» **WHAT IS NEEDED**:
Exact transcription of the data below is required, without the images.

» **DATASET EXCERPT**:
......
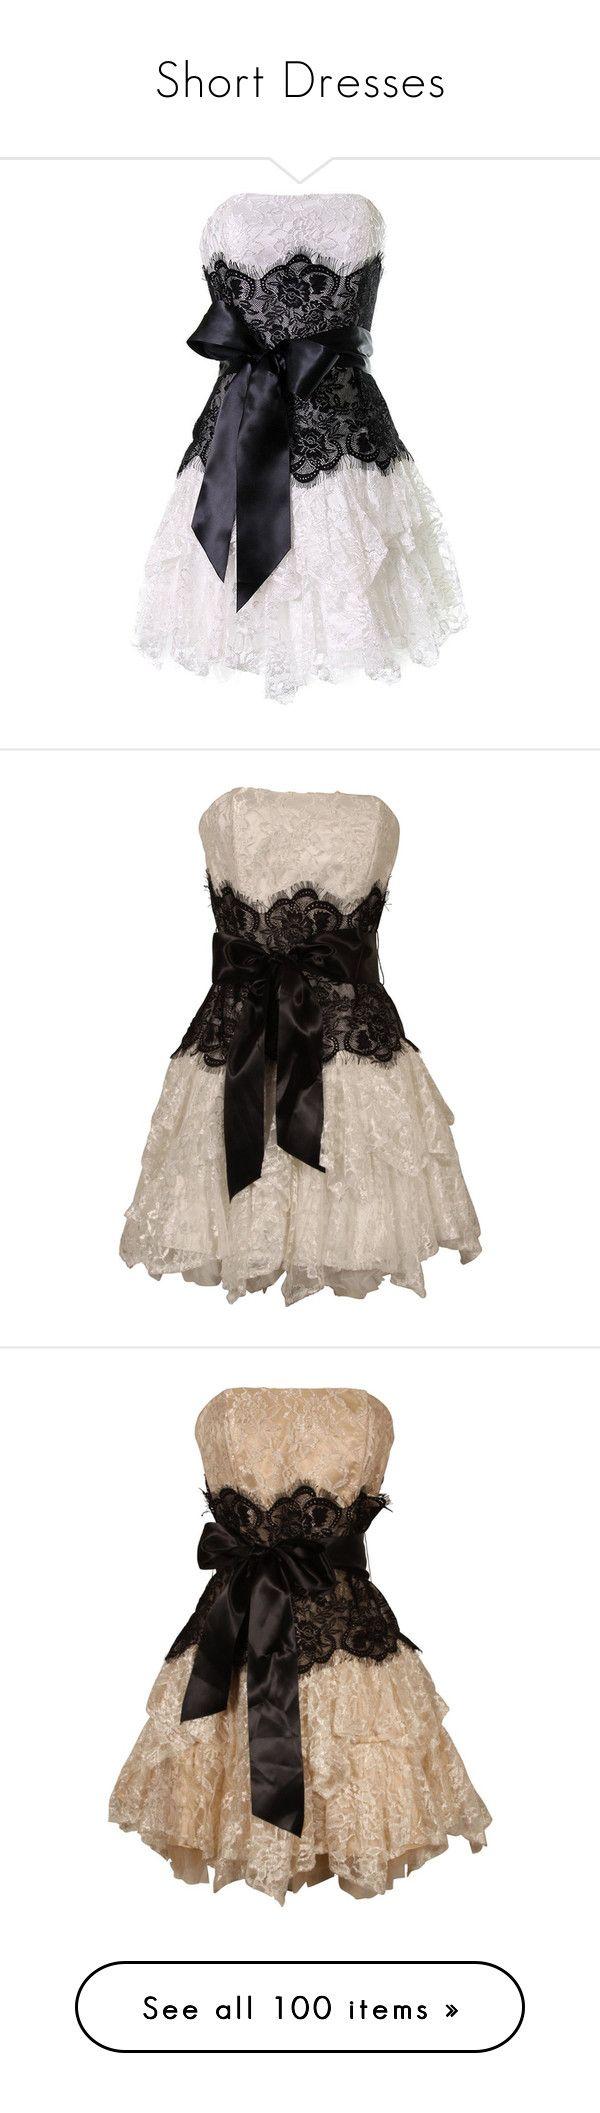 """Short Dresses"" by soledad-trinidad ❤ liked on Polyvore featuring dress, dresses, plus size lace dress, short prom dresses, plus size prom dresses, women plus size dresses, black strapless dress, vestidos, short dresses y vestiti"
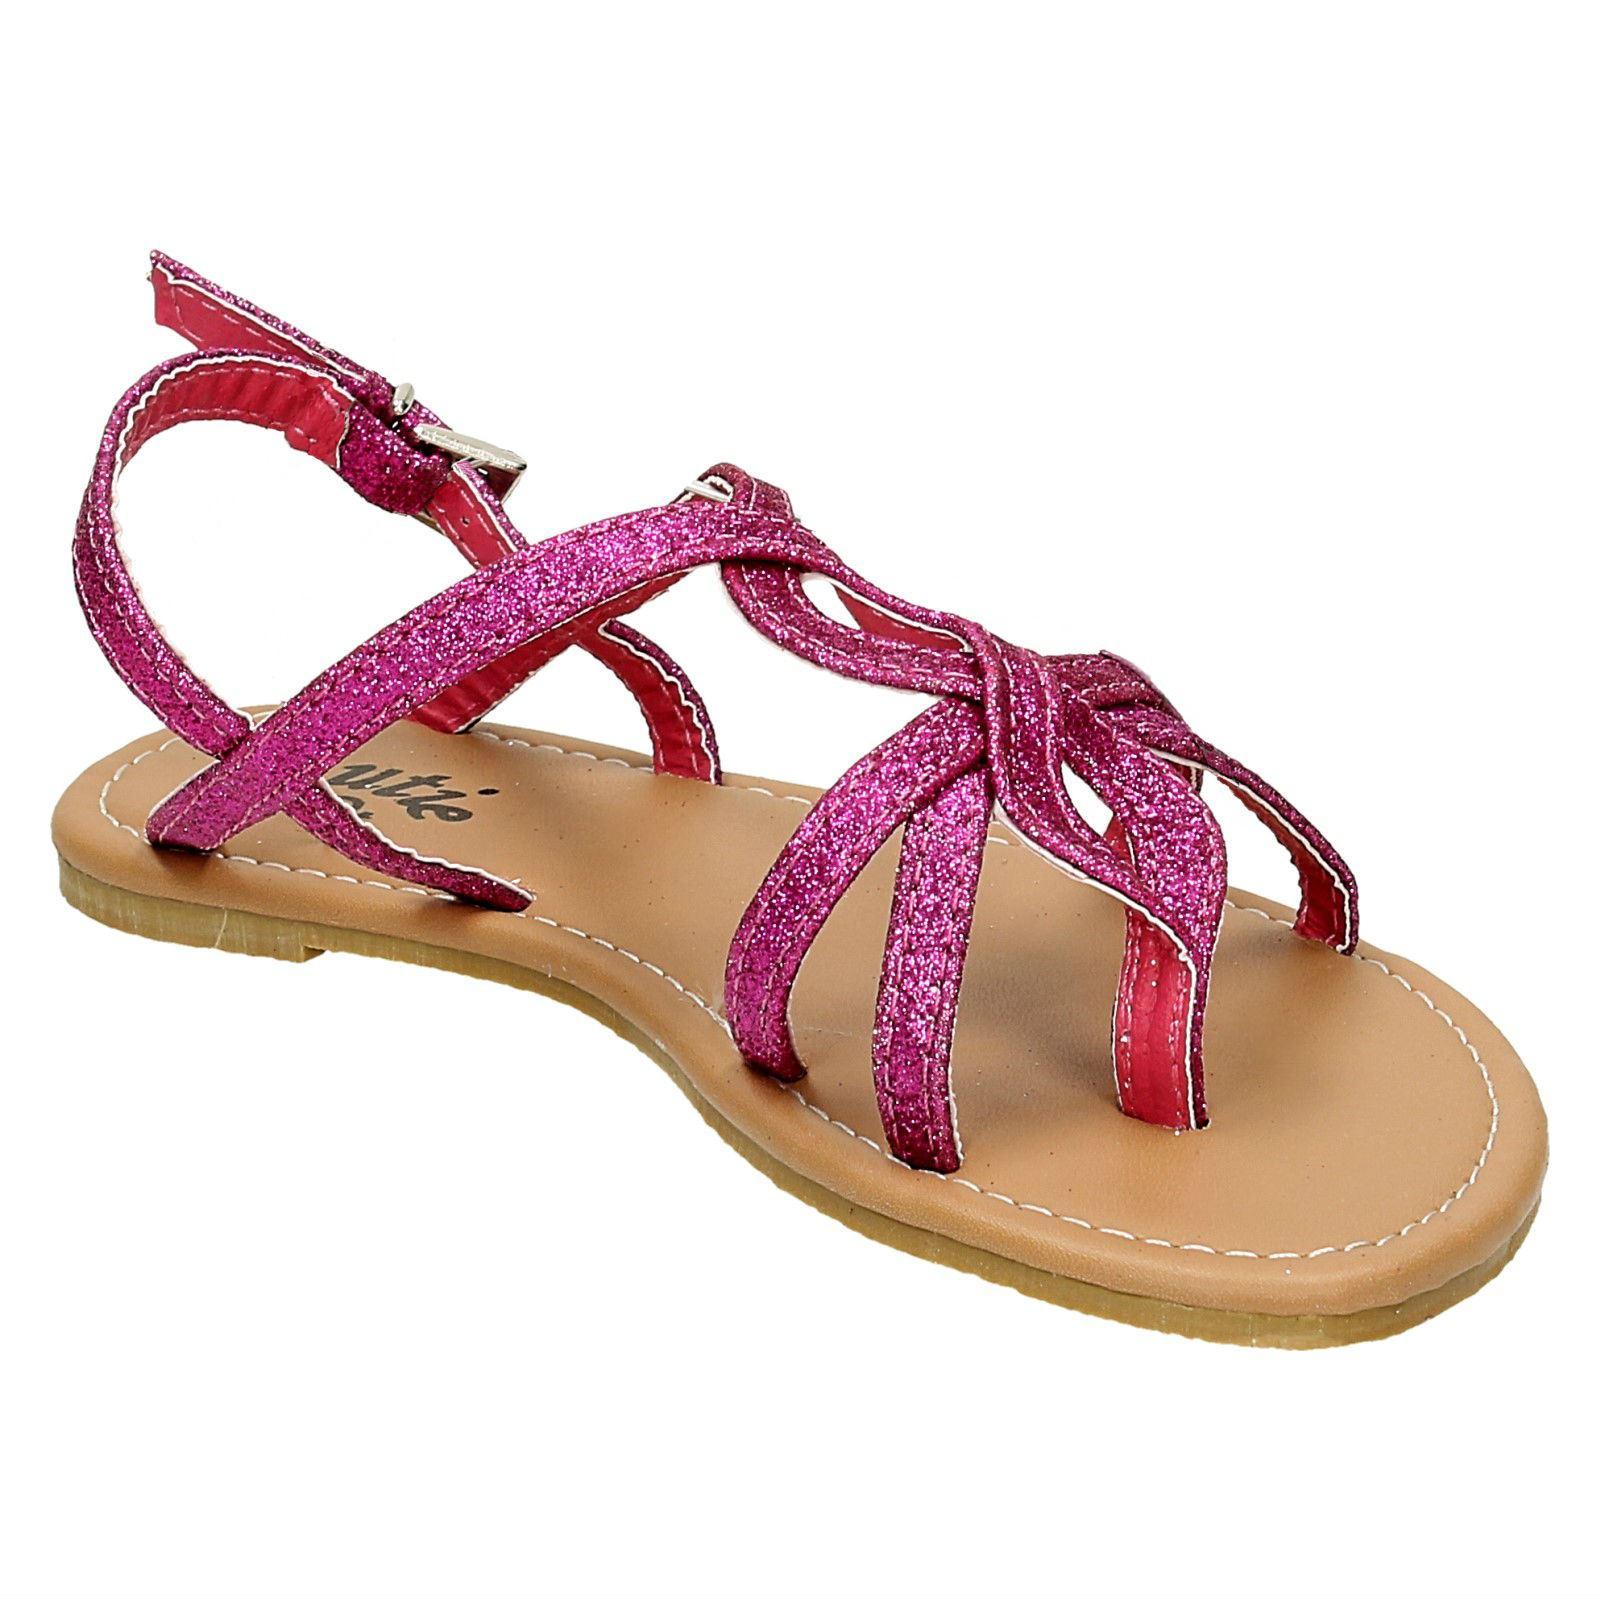 Chicas Cutie Tejido Glitter Toe Post Sandalias
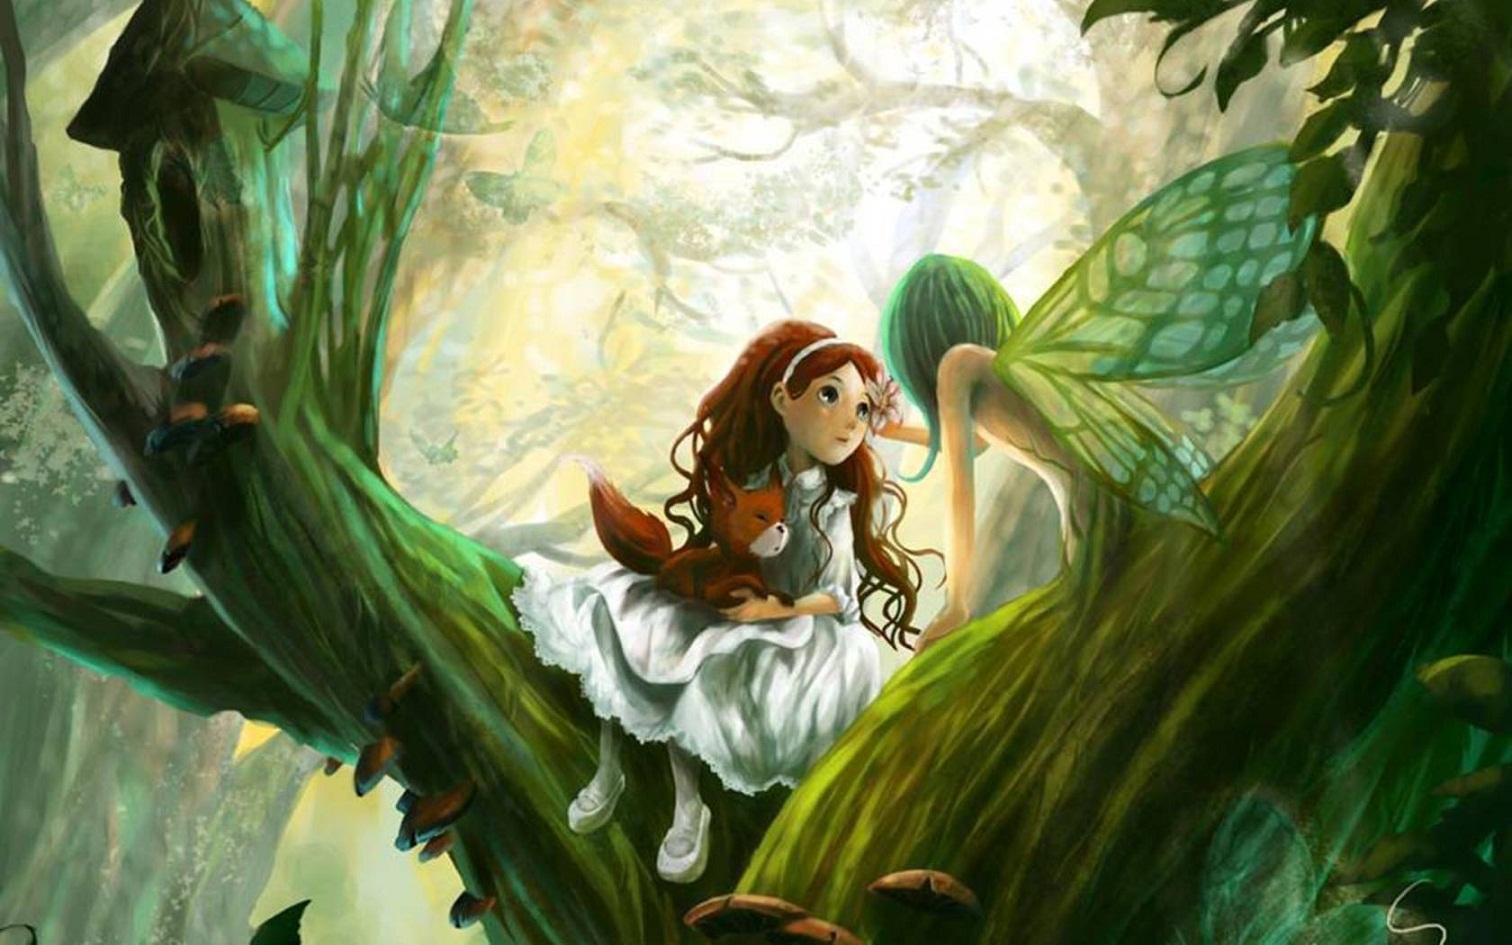 fees et elfes vi - Page 10
......
» **SOLVED EXERCISE**:
 """Short Dresses"" by soledad-trinidad ❤ liked on Polyvore featuring dress, dresses, plus size lace dress, short prom dresses, plus size prom dresses, women plus size dresses, black strapless dress, vestidos, short dresses y vestiti"
 Chicas Cutie Tejido Glitter Toe Post Sandalias
 fees et elfes vi - Page 10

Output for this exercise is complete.